EXERCISE DESCRIPTION:
From the first line to the last, copy the material word for word; pictures stay out.

RAW DATA:
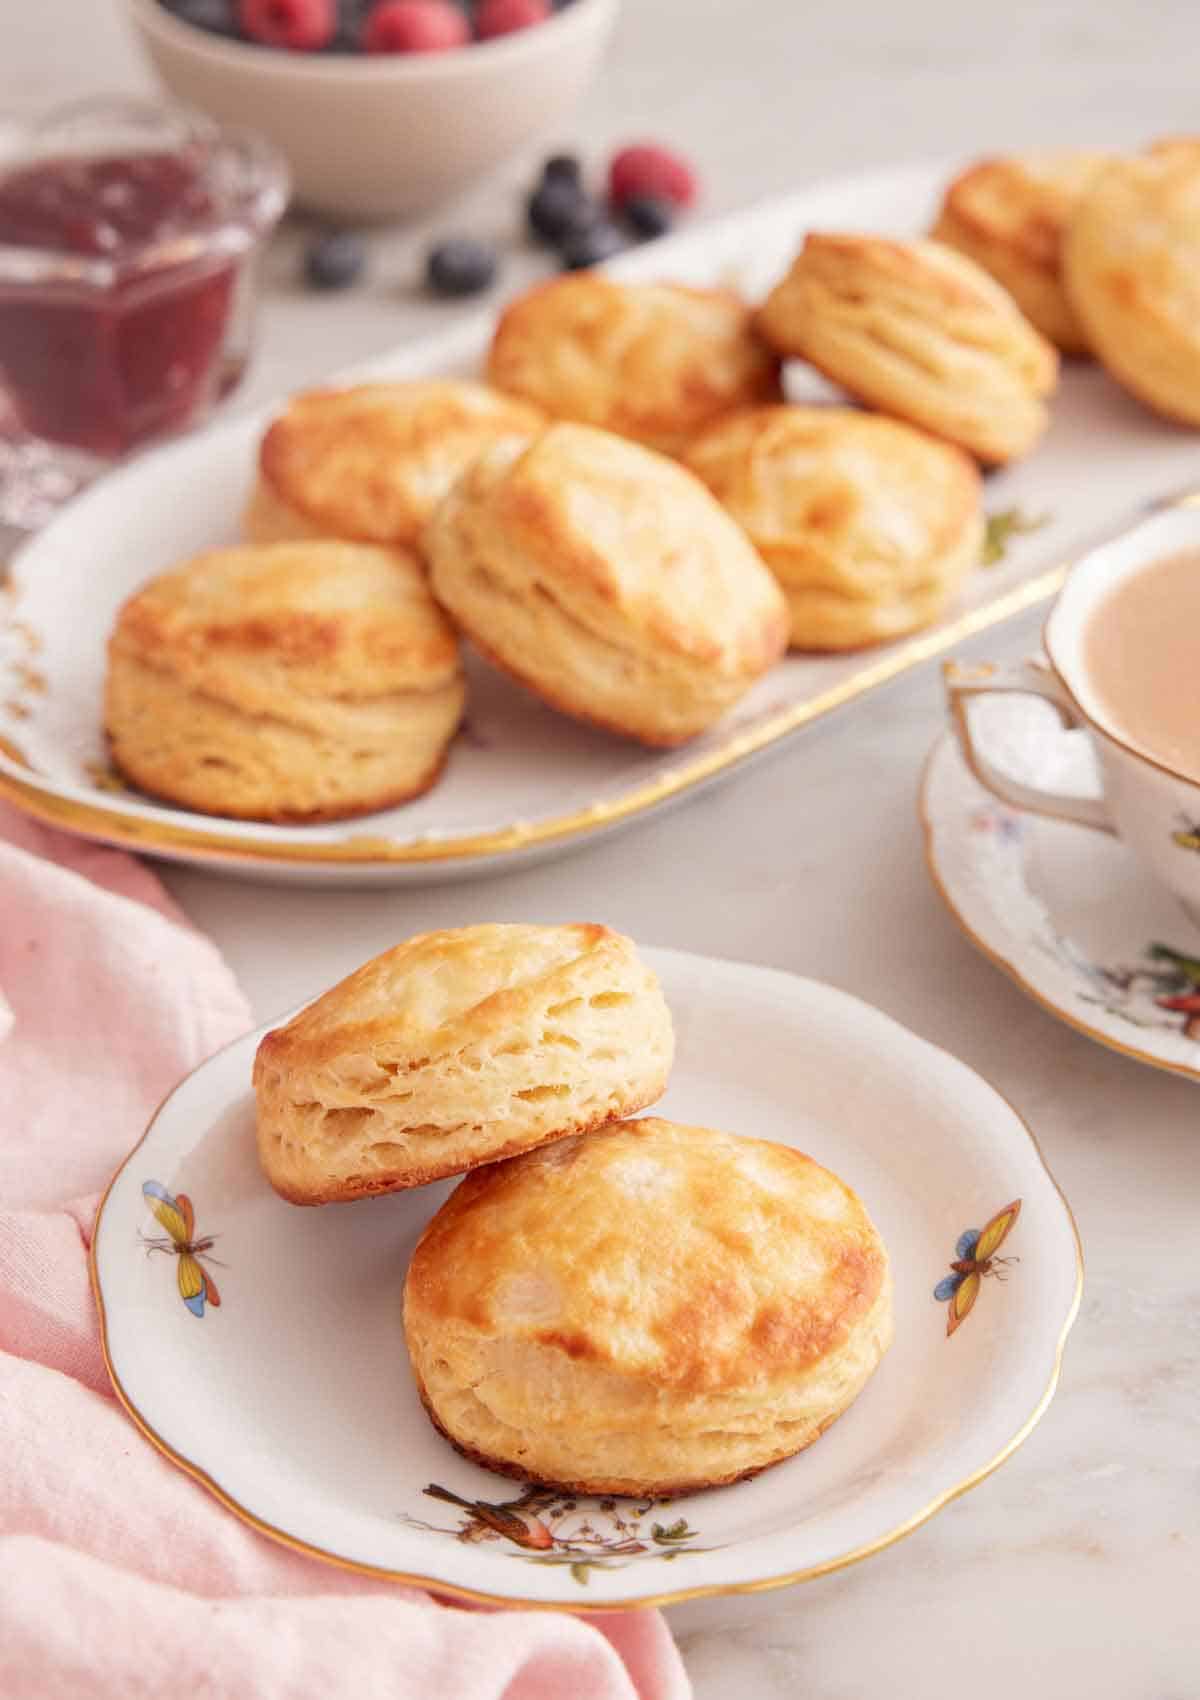 A plate with two buttermilk biscuits with a platter with more in the background along with a cup of coffee.
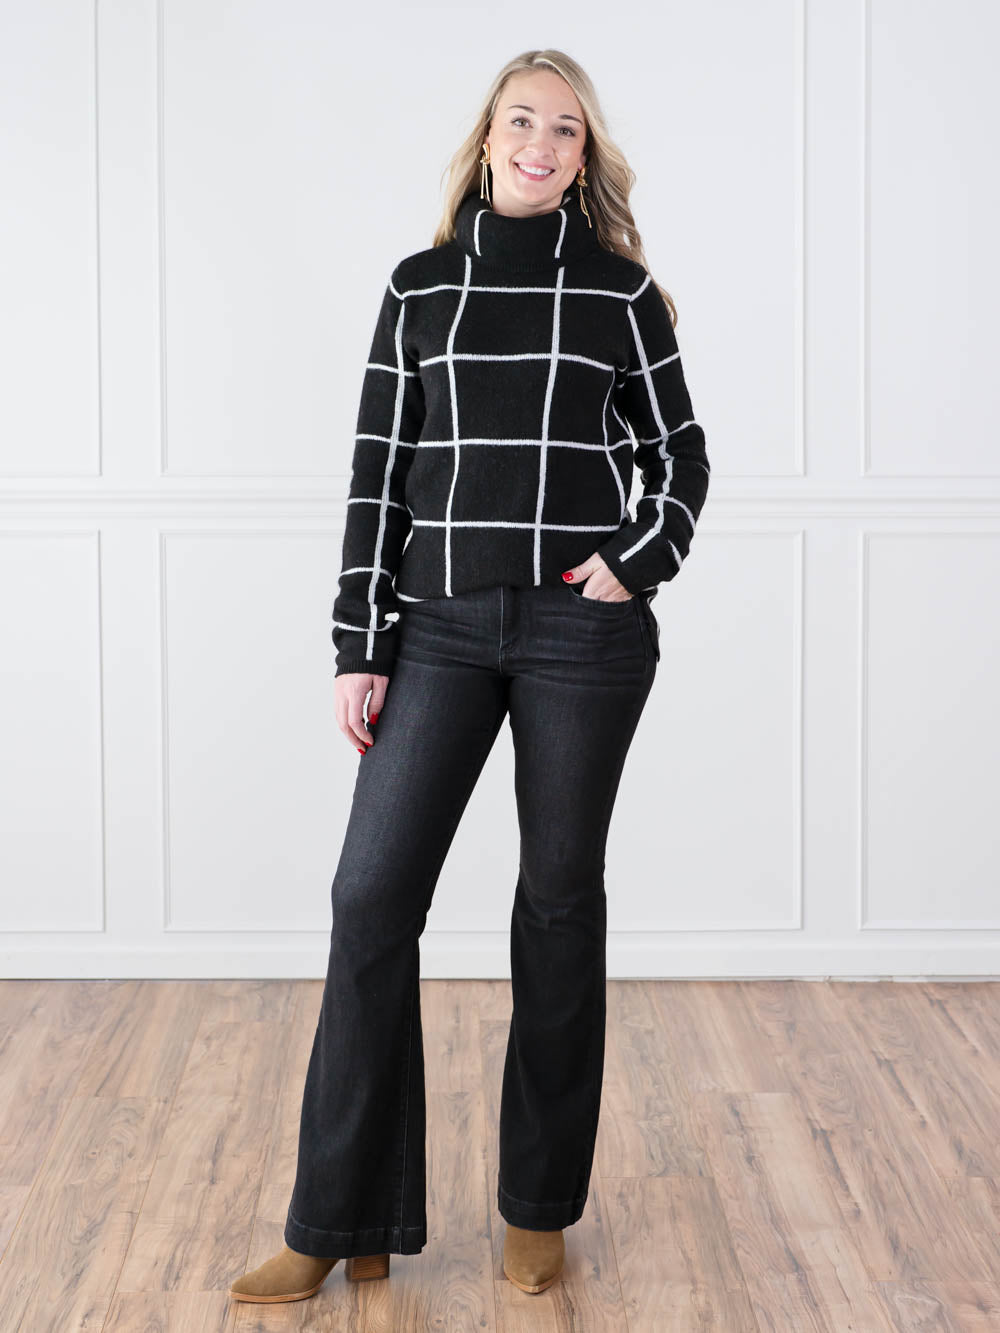 Windowpane Plaid Sweater for Tall Women Outfit
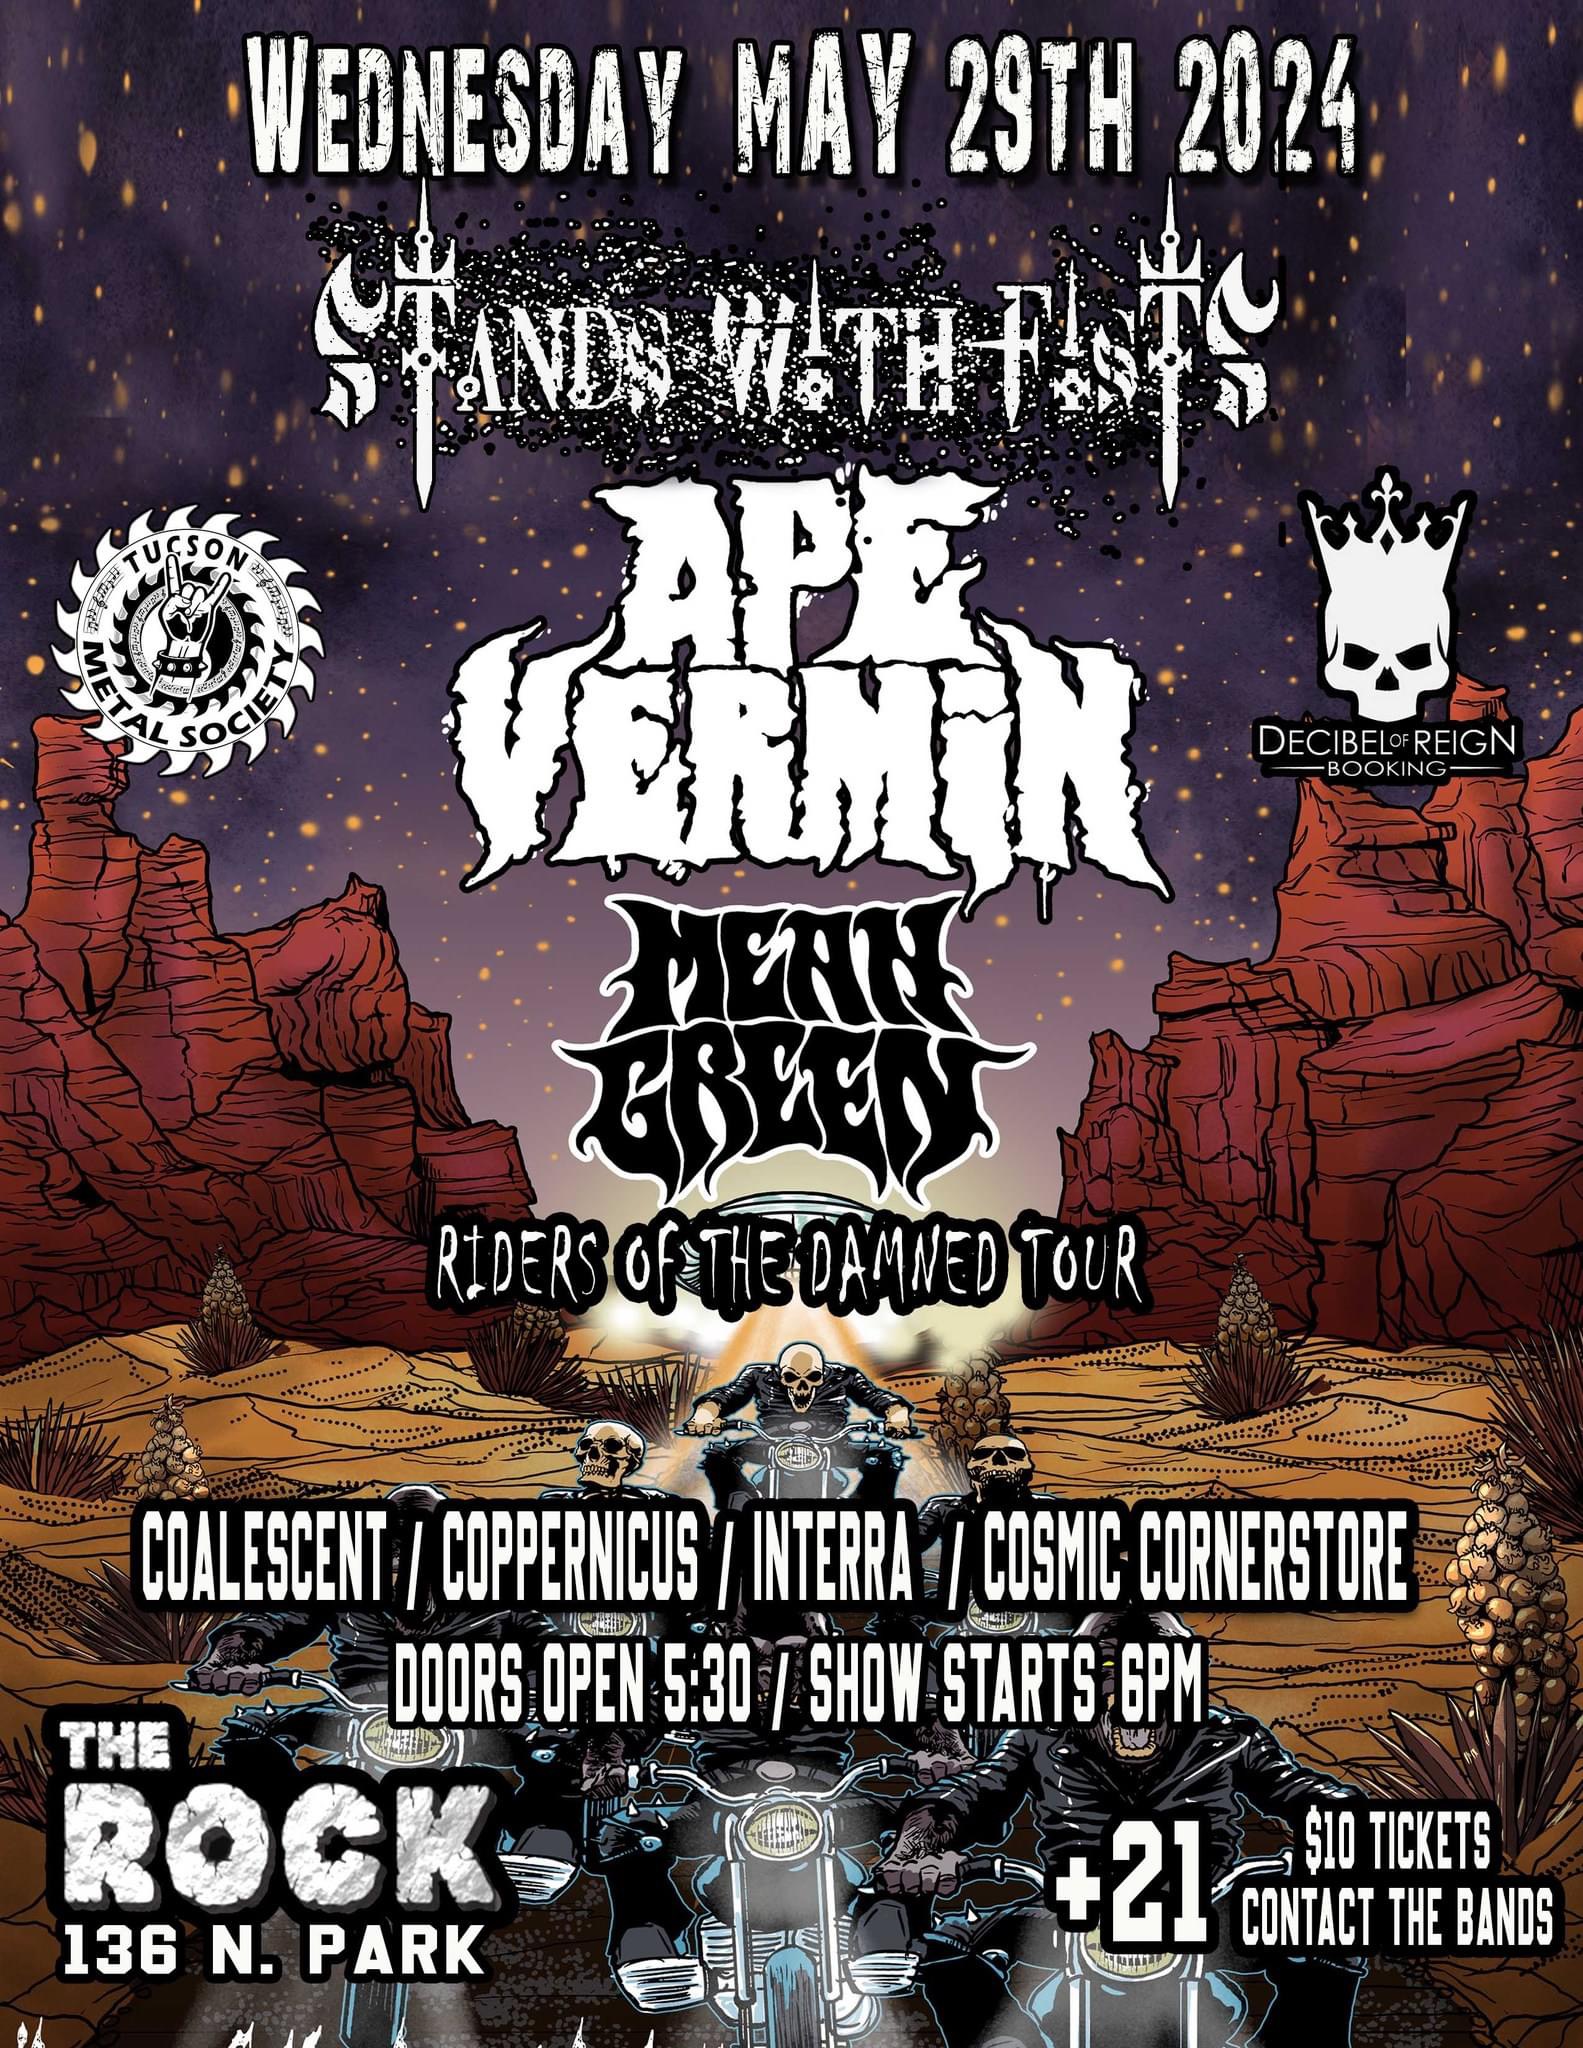 Riders Of The Damned Tour with Ape Vermin, Mean Green and Stands With Fists

SOLUTION:
 A plate with two buttermilk biscuits with a platter with more in the background along with a cup of coffee.
 Windowpane Plaid Sweater for Tall Women Outfit
 Riders Of The Damned Tour with Ape Vermin, Mean Green and Stands With Fists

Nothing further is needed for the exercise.